§ **Problem requirements**: In the data below, reproduce everything exactly except the images.

§ **Data excerpt**:
○ ○ ○ ○ ○

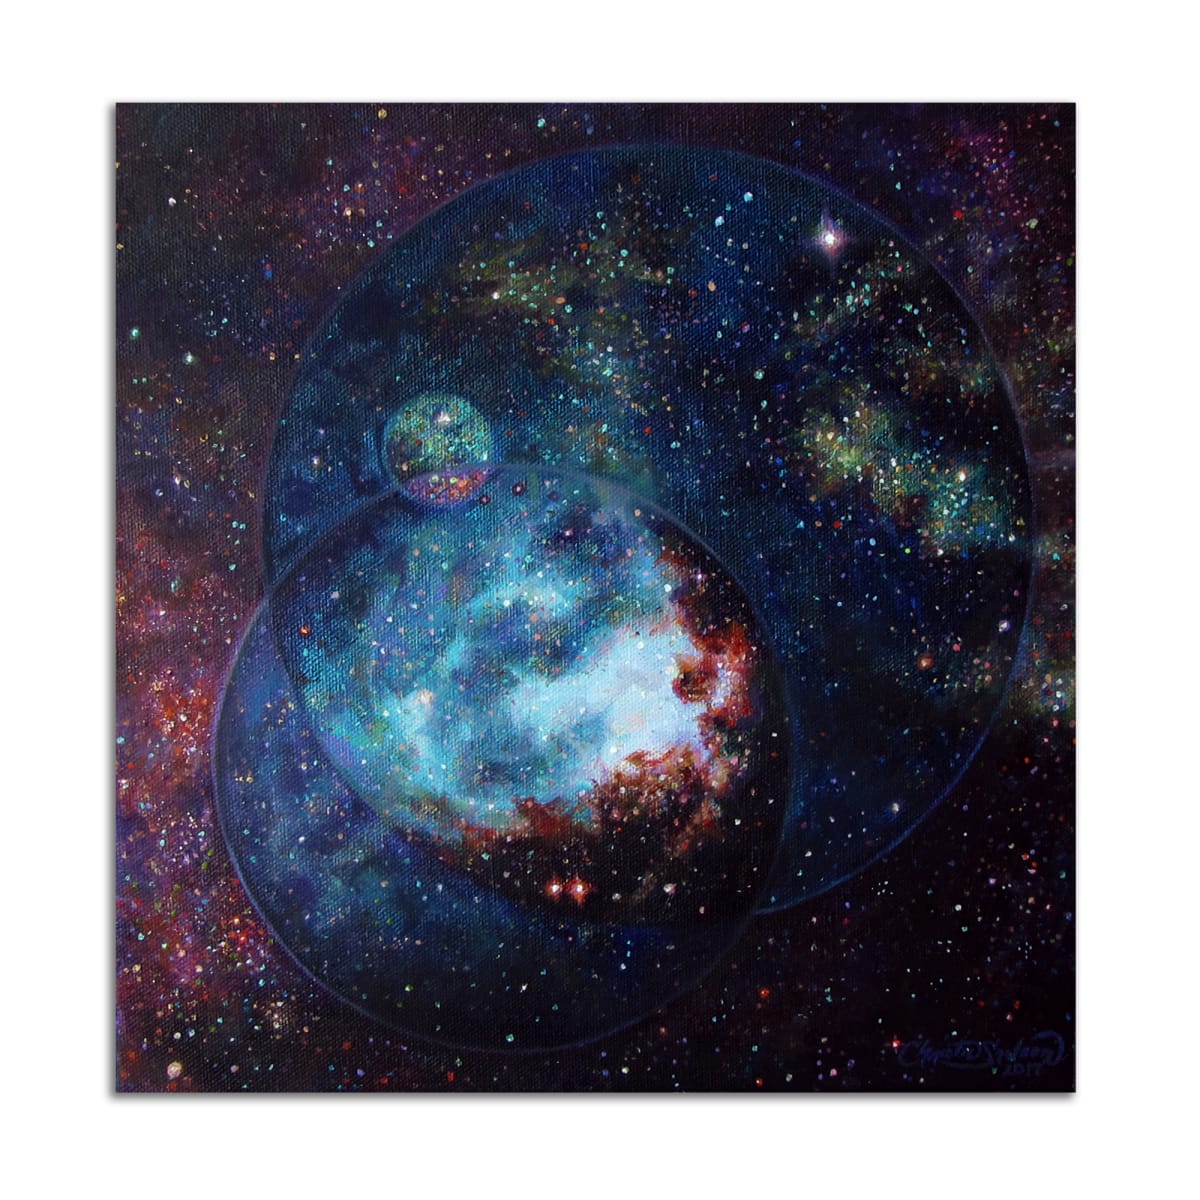 8: Carina Nebula by Christie Snelson 
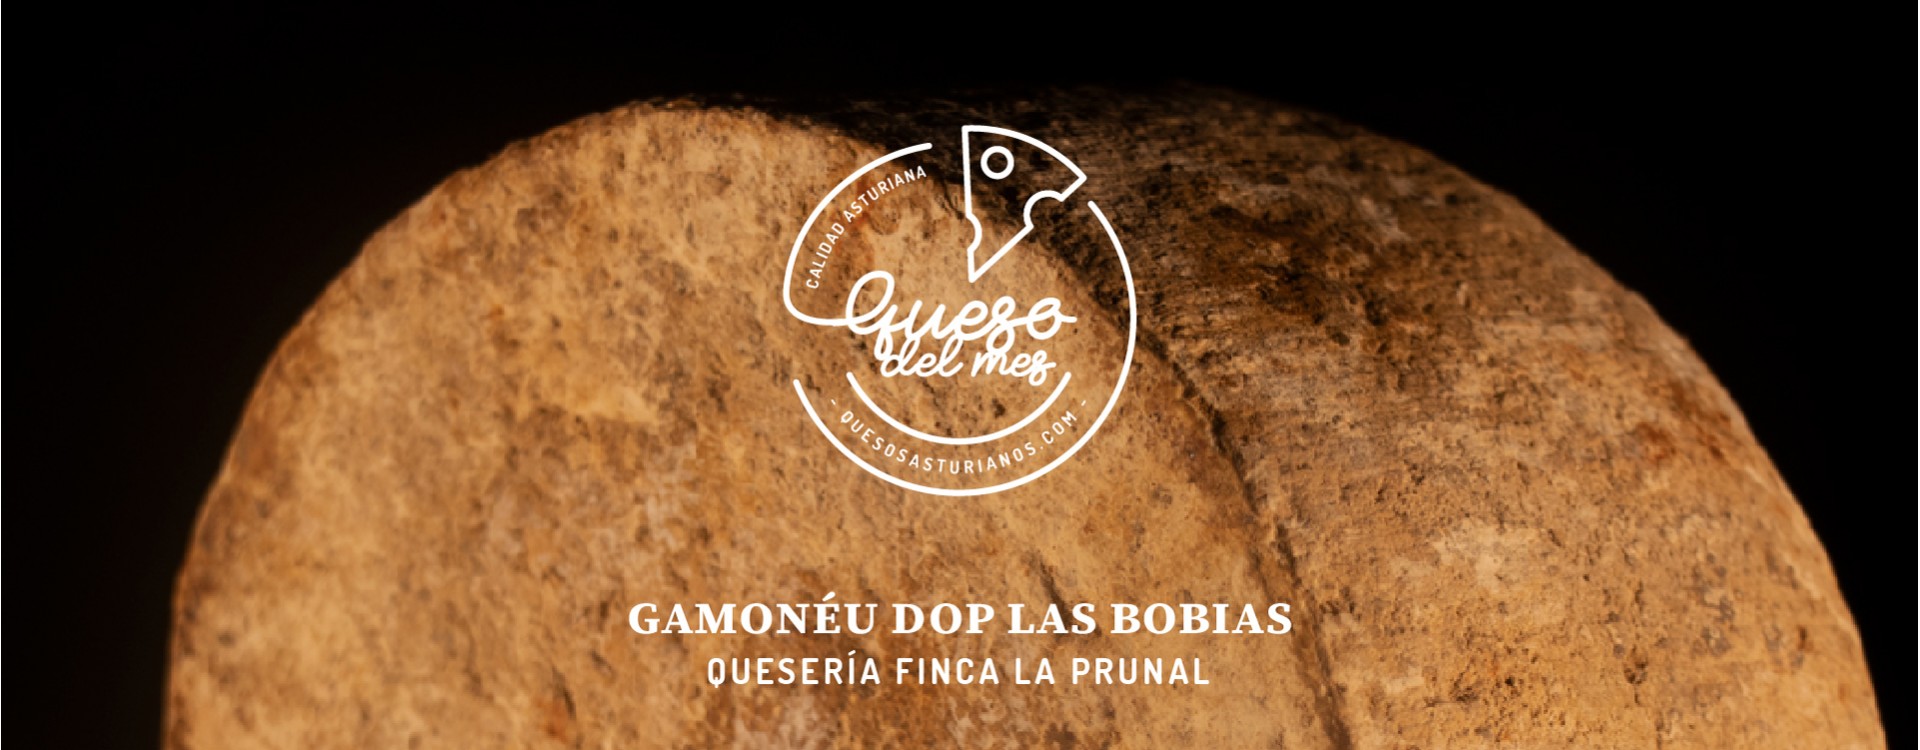 Descubriendo el tesoro culinario de los Picos de Europa: Gamonéu DOP Las Bobias de Quesería Finca La Prunal
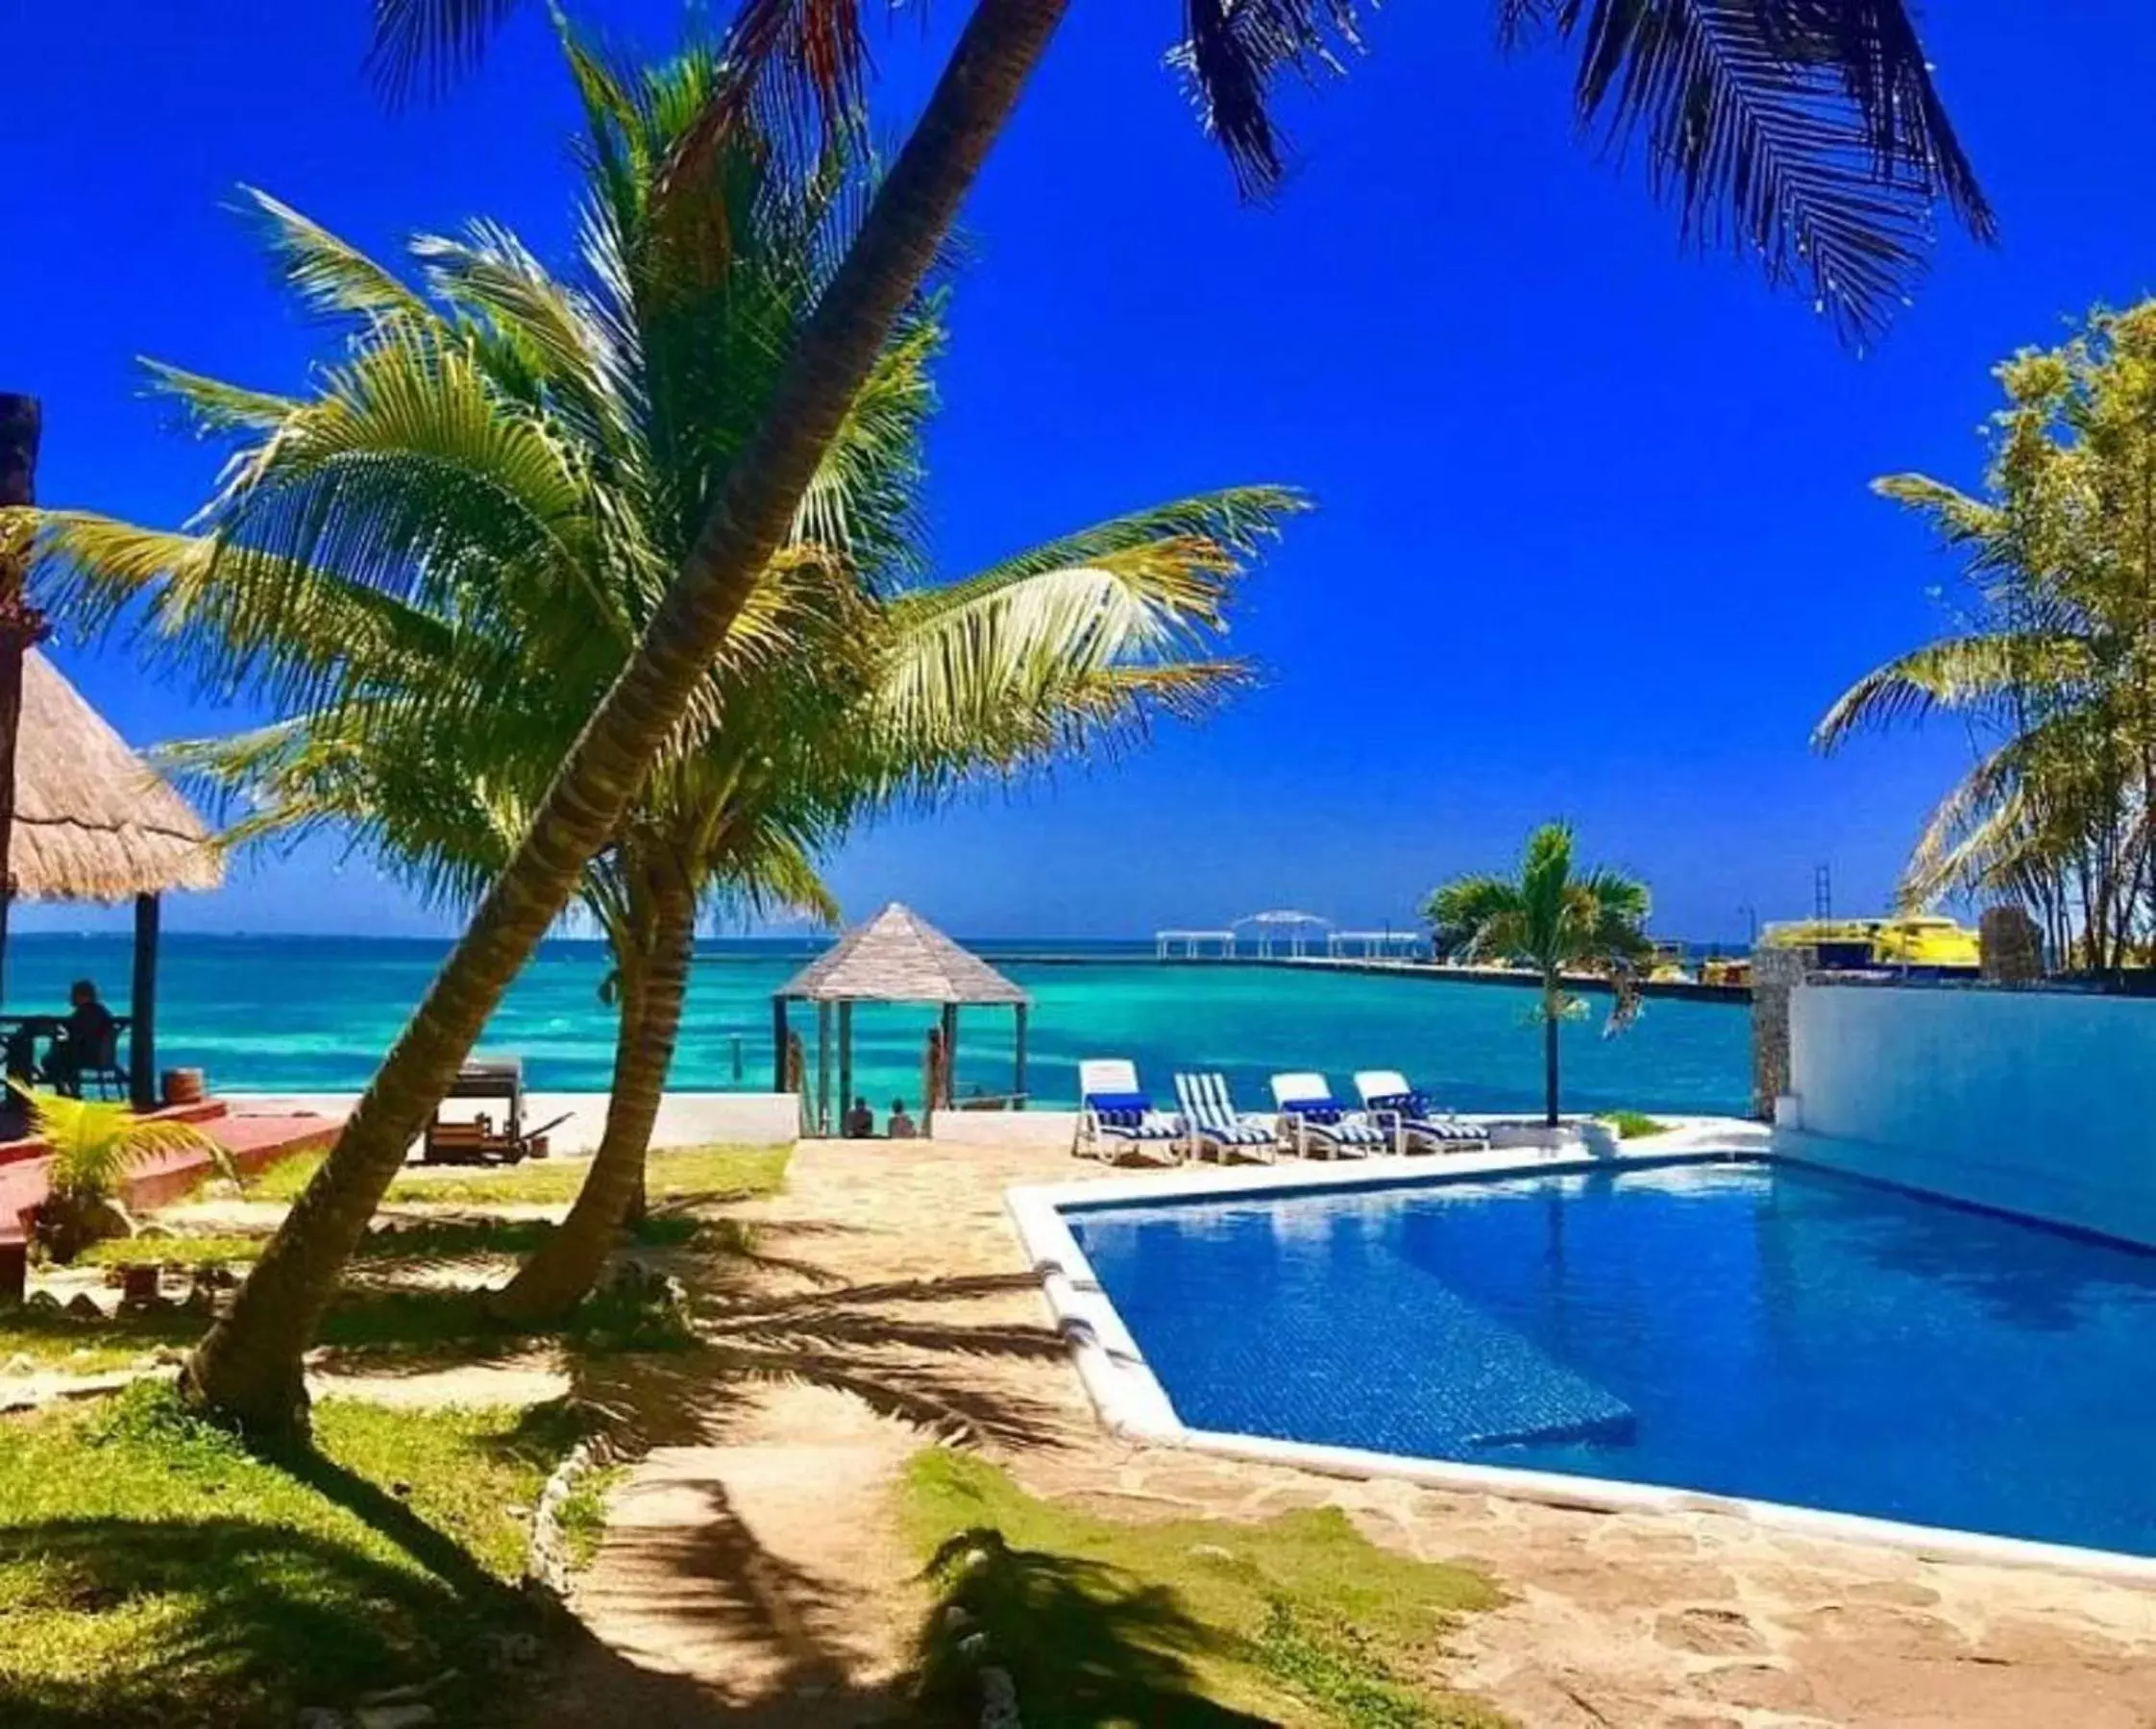 Swimming Pool in Casa Caribe Cancun

○ ○ ○ ○ ○

§ **The answer**:
 8: Carina Nebula by Christie Snelson 
 Descubriendo el tesoro culinario de los Picos de Europa: Gamonéu DOP Las Bobias de Quesería Finca La Prunal
 Swimming Pool in Casa Caribe Cancun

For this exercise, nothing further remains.